(Bloomberg) – Taiwan Semiconductor Manufacturing Co., Taiwan’s largest company and producer of chips for companies like Apple Inc., rose as much as 10% intraday on Monday, extending a recovery of more than $ 160 billion since March. .
The most prominent driver for renewed enthusiasm came from Intel Corp.’s warning last week that its first 7-nanometer chips will go on sale a year ahead of schedule and the company could potentially run out of production, most likely. make him the leader of the TSMC foundry. A report on Monday suggested that Intel had placed orders with TSMC for 180,000 6nm chip units by 2021.
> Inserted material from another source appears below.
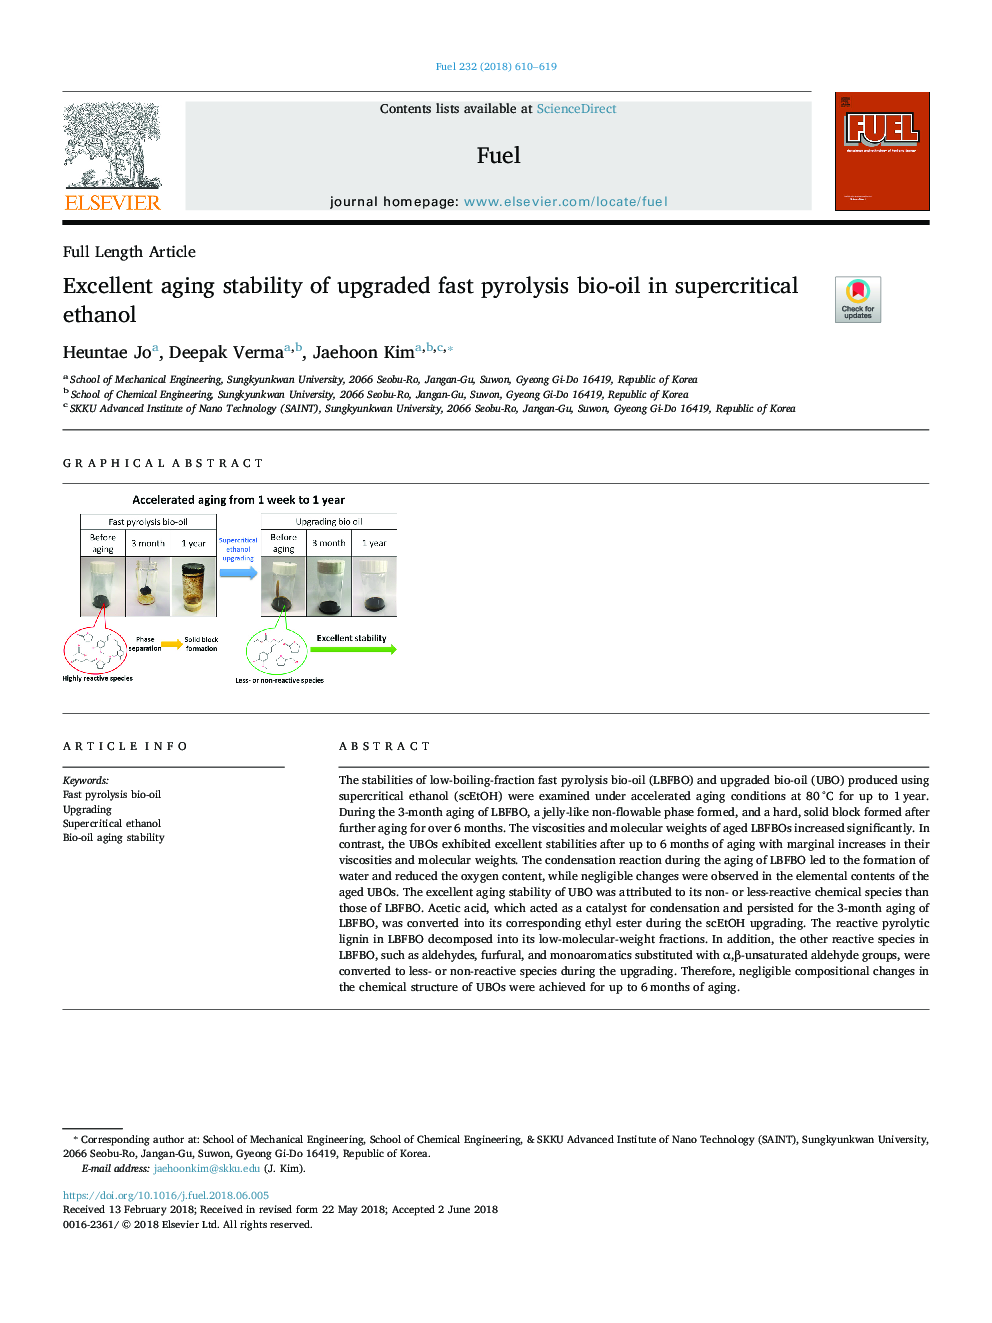 Excellent aging stability of upgraded fast pyrolysis bio-oil in supercritical ethanol

Read more: Intel sinks as it weighs manufacturing chip output
TSMC is among the few companies to have resisted the coronavirus outbreak without suffering a serious slowdown in business. Long-term investments in fifth-generation wireless technology and high-performance computing by its customers have maintained order volumes, and even the company has increased its outlook for 2020 and expects capital expenditures to rise to $ 17 billion.
Representing more than a quarter of Taiwan’s Taiex benchmark, the TSMC price rise has the index on track to close the 1990 record on Monday. Taiwan’s actions have proven resilient to both the pandemic and the China-U.S. Disputes this year. That is largely due to President Tsai Ing-wen’s administration containing the spread of the coronavirus thus far, a success that has kept the economy going.
Listed companies posted a 6% sales increase in June from a year earlier, the fastest growth since October 2018, the Taiwan Stock Exchange said on July 13.